Cobb taxpayers should be steaming mad about giving Croy Engineering 1.8 million for this big joke!
They did a 'study' in Smyrna -for $150,000, they took pictures of sidewalks ,... and wrote a description of them. A 1st grader could have done it!
The whole DOT/Croy/CID/politicians connection needs a through AUDIT!!!
Tim and the rest of them could not tell us what the $689 million dollars would have went to. First it was light rail (last time I checked, CCT wasn't in the rail business, MARTA is), then it was Enhanced Premium Bus Service (that much for a bus route, really???), then it was going to be HOT lanes, then something else. In other words, just vote for it and we will figure it out later. Byrne called that out during the election, 'why would I approve something that I can't explain?'
In Mableton, we have been studied to death. Studies, consultants, visioning studies, task forces, and more. Not a damn thing has happen but increased crime, vacant buildings and excuses on why the studies are not yielding results.
Someone is EVIL because they speak their mind and vote their conviction?
Now that is about as ignorant a comment as I have read in this forum and there have been a lot to choose from over the years.
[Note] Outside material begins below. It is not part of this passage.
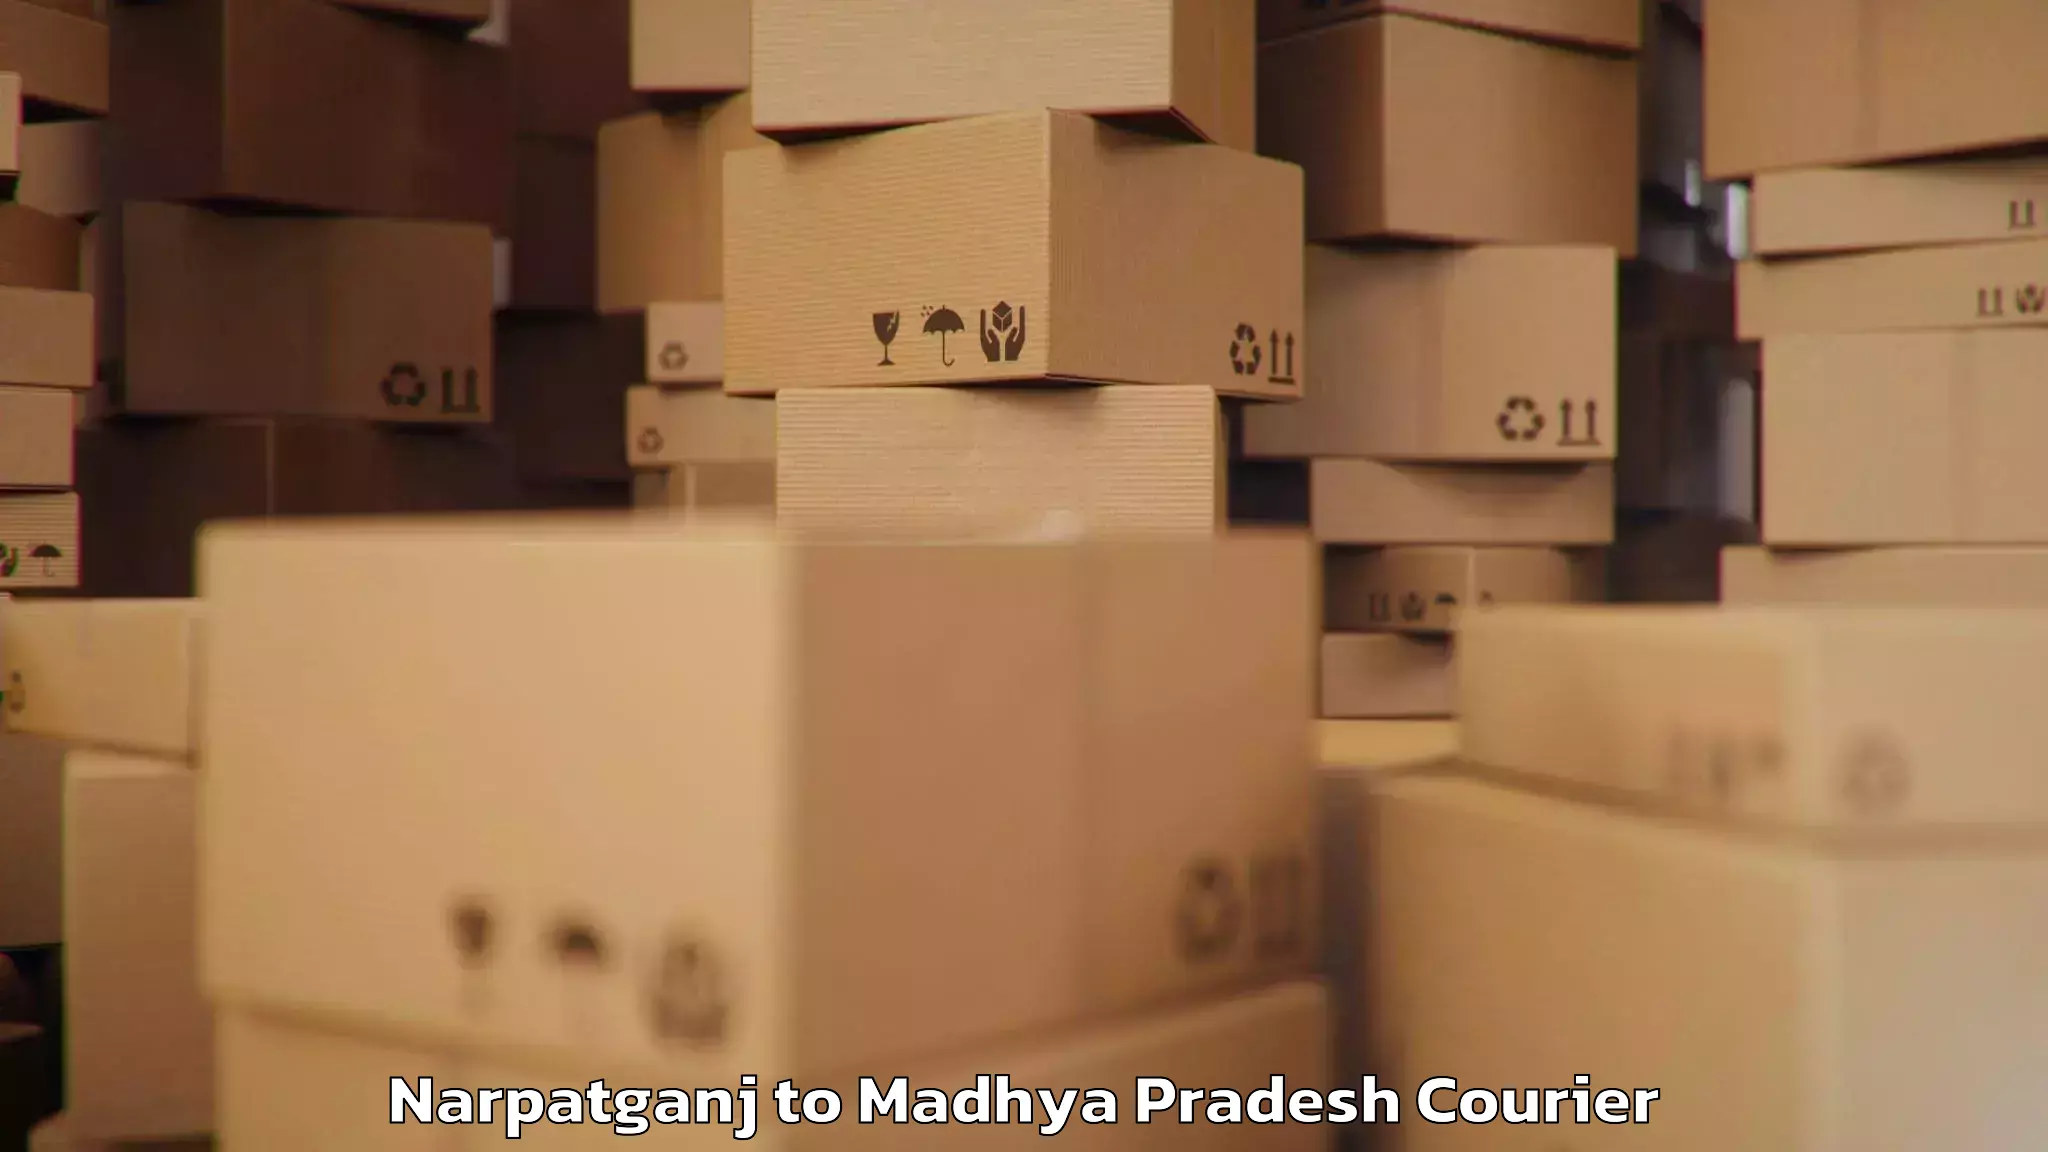 Baggage courier service Narpatganj to Madhya Pradesh

Please do everyone a huge favor and spare us your meaningless
ramblings.
MARIETTA — Cobb Commissioner Bob Ott is puzzled by Chairman Tim Lee’s proposal to take $110 million from an $856.5 million earmark for Cumberland-to-Midtown rail and use it on an Acworth-to-Midtown bus route, considering there’s already a route there.
This is eleven months ago what does Bob know and he thought this was a lot on money.
“I would wonder what kind of bus route we’re talking about when we already have bus service,” Ott said. “I believe its Georgia Regional Transit Authority Express Bus from Acworth to downtown. You know, $100 million is an awful lot of money for a bus route. I’d be kind of curious as to exactly what it is that’s being proposed.”
You fools voted Timmy Obama Lee back in office and someone has to pay for all those thousands of 4 by 4 signs.
MARIETTA — After reviewing the findings of the $1.8 million Northwest Corridor Alternatives Analysis study, which calls for a $1.1 billion bus system from Kennesaw State University to Midtown Atlanta, Southeast Commissioner Bob Ott called it “a pipe dream.”